As Milton walked through the sticky summer air, his head began to have strange thoughts. The air was condensing on his skin, or rather the air was drawing out water from his body. Milton was still sleepy; he was always sleepy on Tuesday, when his 7 AM meeting consistently came earlier than he expected.

Doing his best to ignore the heat and his strange thoughts, he continued on, feeling the uneven bricks through the thin soles of his shoes, and looking around at the passing houses. They were consistently dignified, each secure in the knowledge that they possessed a certain indefinable character. One house was missing its front half, such that Milton could see the raw concrete, soggy insulation, and rotten timber of it’s non-load bearing walls.

As he passed the mossy stepping stones leading to the absent front door, a flash of light from one of the upper rooms caught his eye. The sun streamed through a dirty pane of glass, illuminating the second story room on the right. The light revealed the specks and blotches that had accumulated on the window. Milton realized that the reflection had come from a bit of metal that was swinging through the scattered sunlight, temporarily blocking the light from the floor, then sending a flash towards Milton as it rotated on its string.

Following the line of the string up towards its source, Milton was taken aback as he realized that there was something pushing the string ever so slightly, encouraging the piece of metal to maintain its slashing arc. He struggled to establish the outlines of the shape, which the size of a small child. It was definitely living; the motion on the edges of the blackness was recognizable as having the same shape and joints as that of limbs. Milton continued to stare into the black center. It was impossible to figure out how far or close it was from the edge of the crumbling second-story floor.
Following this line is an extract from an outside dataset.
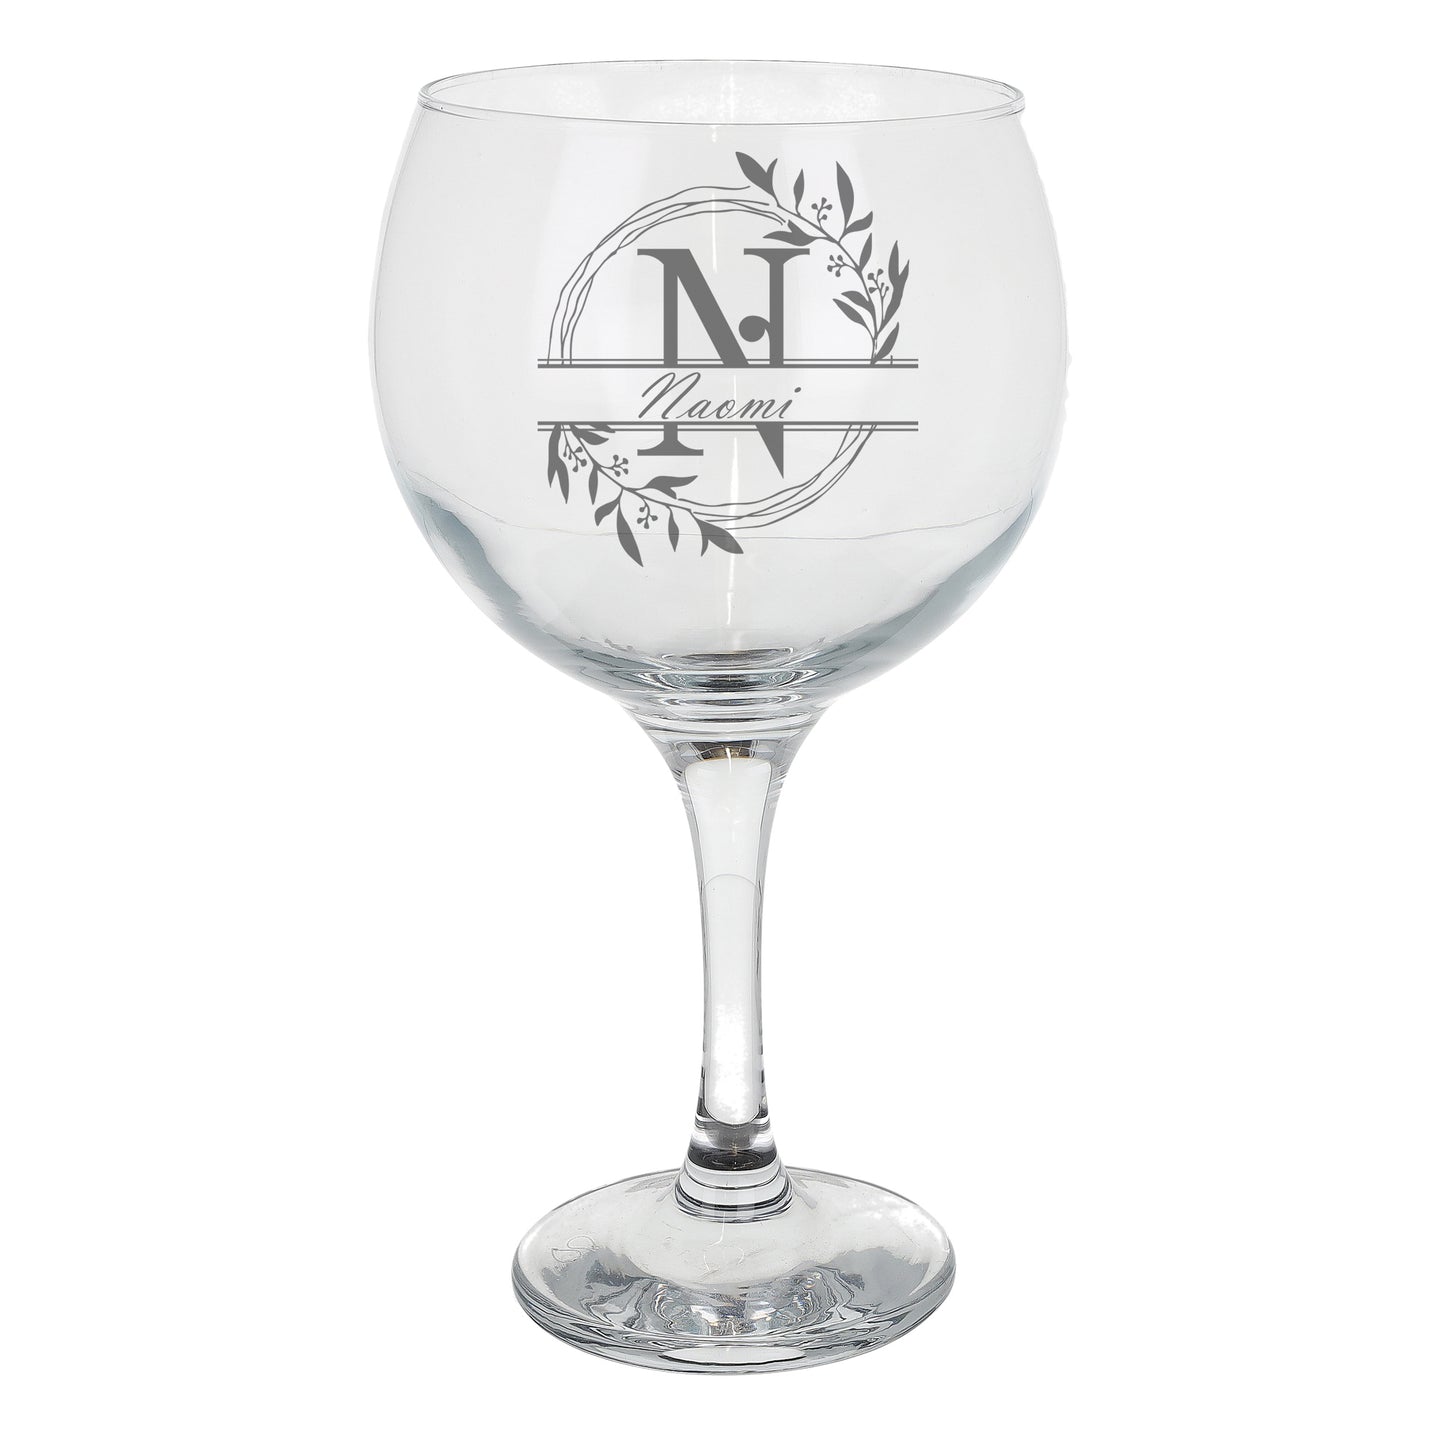 Personalised Engraved Initial Monogram Gin Glass Gift  - Always Looking Good - Engraved Glass  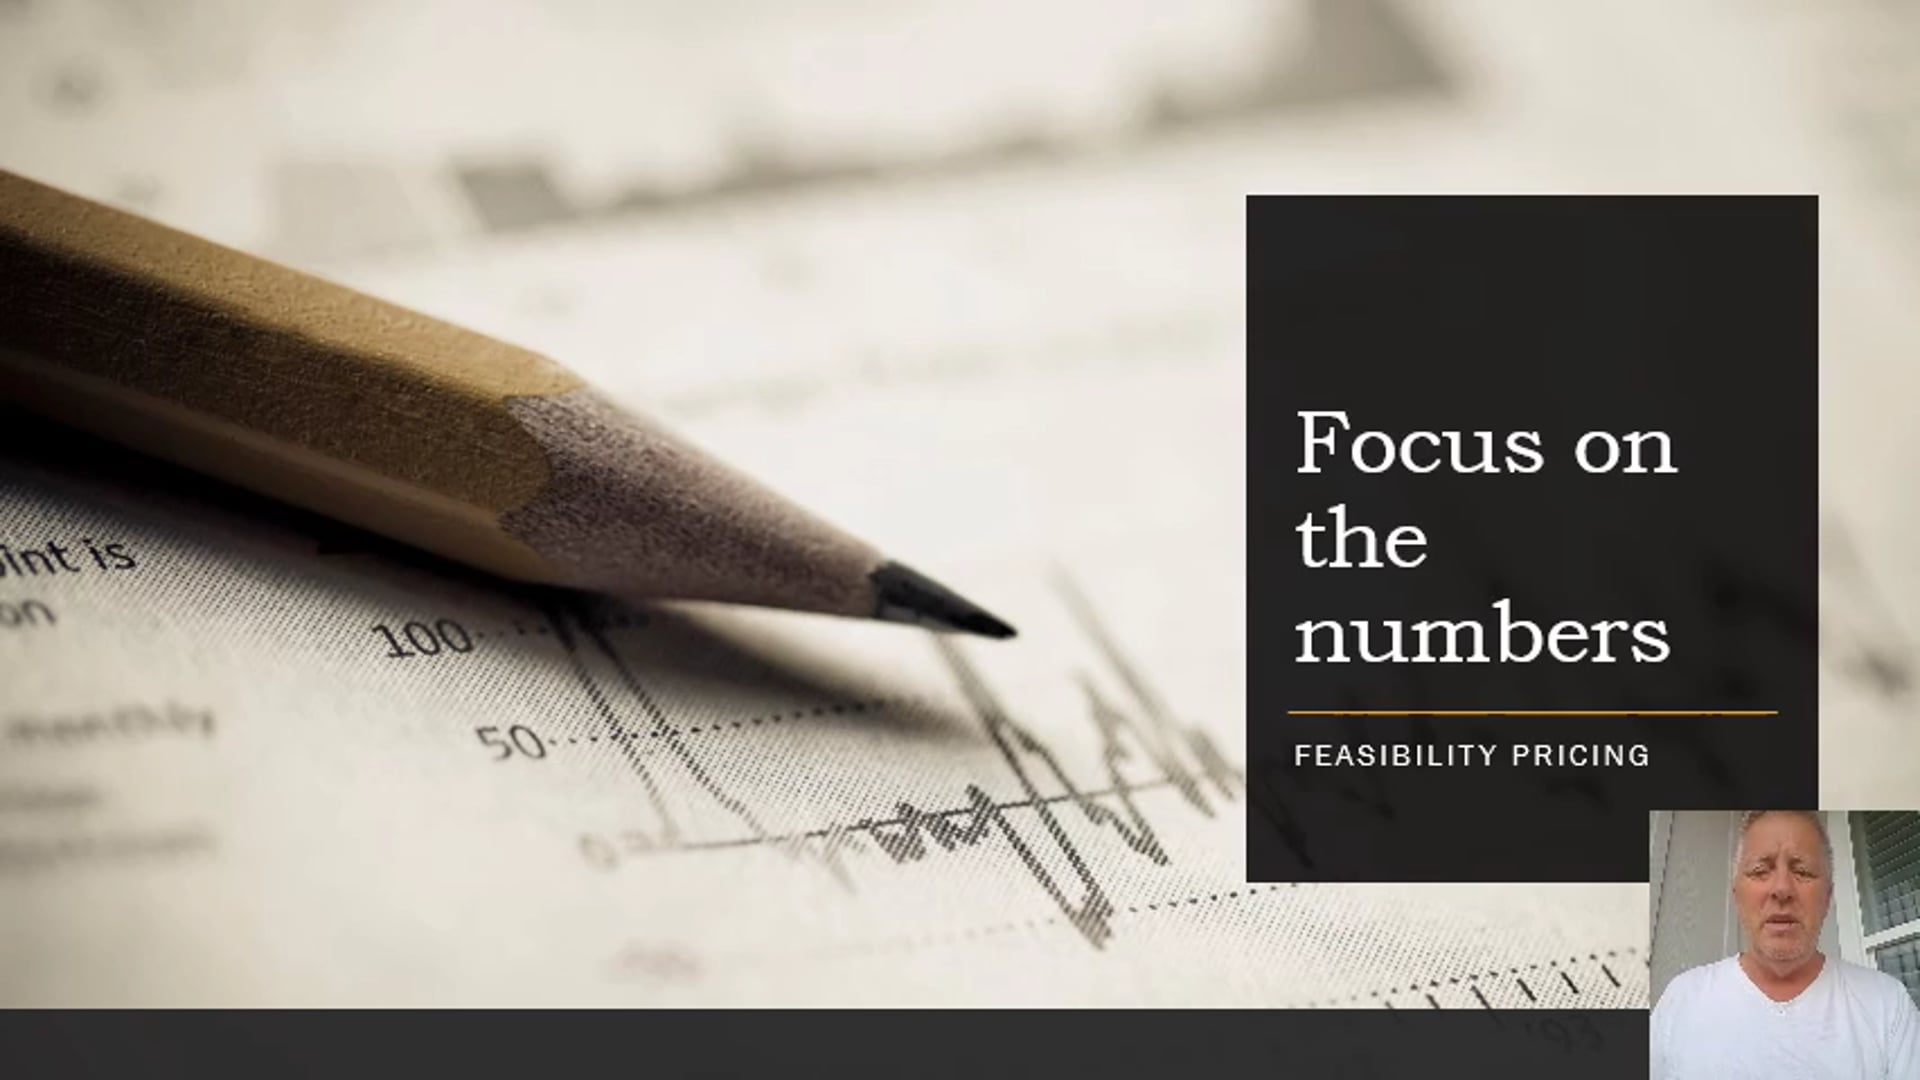 Focus on the numbers: feasibility

Milton’s curiosity drew him a few inches closer to the house, and the tips of his shoes brushed the tall, uncut grass that delineated the lawn and the sidewalk.

Suddenly, the full weight of the emptiness of that barrier, the torn, broken edge of the house, the infinitely thin barrier that separated the rest of the normal world from the unknowable black within the house was horrifyingly apparent. Milton saw the blackness and it was no longer merely a more curious part of a curious house, it was a void. The metal crescent (it was a crescent) was now forgotten as it continued to swing through the light. The blackness drew Milton’s gaze and his thoughts towards itself, made itself present in every sensation and inkling and movement; but it was black and void, and so in consuming Milton it also emptied him.

And then it was gone, and the crumbling house returned to being another part of Milton’s daily walk. With a shake of his head, Milton reoriented himself. Somehow, he was now facing back towards the way from which he had come. He glanced at his watch. Late! Milton hurried off on his way, continually contending with the uncomfortable humidity.

_____

Obviously, this needs a bit more work, but given that I’m operating under a deadline, this is as good as you’ll get! Until next time,

Morbier.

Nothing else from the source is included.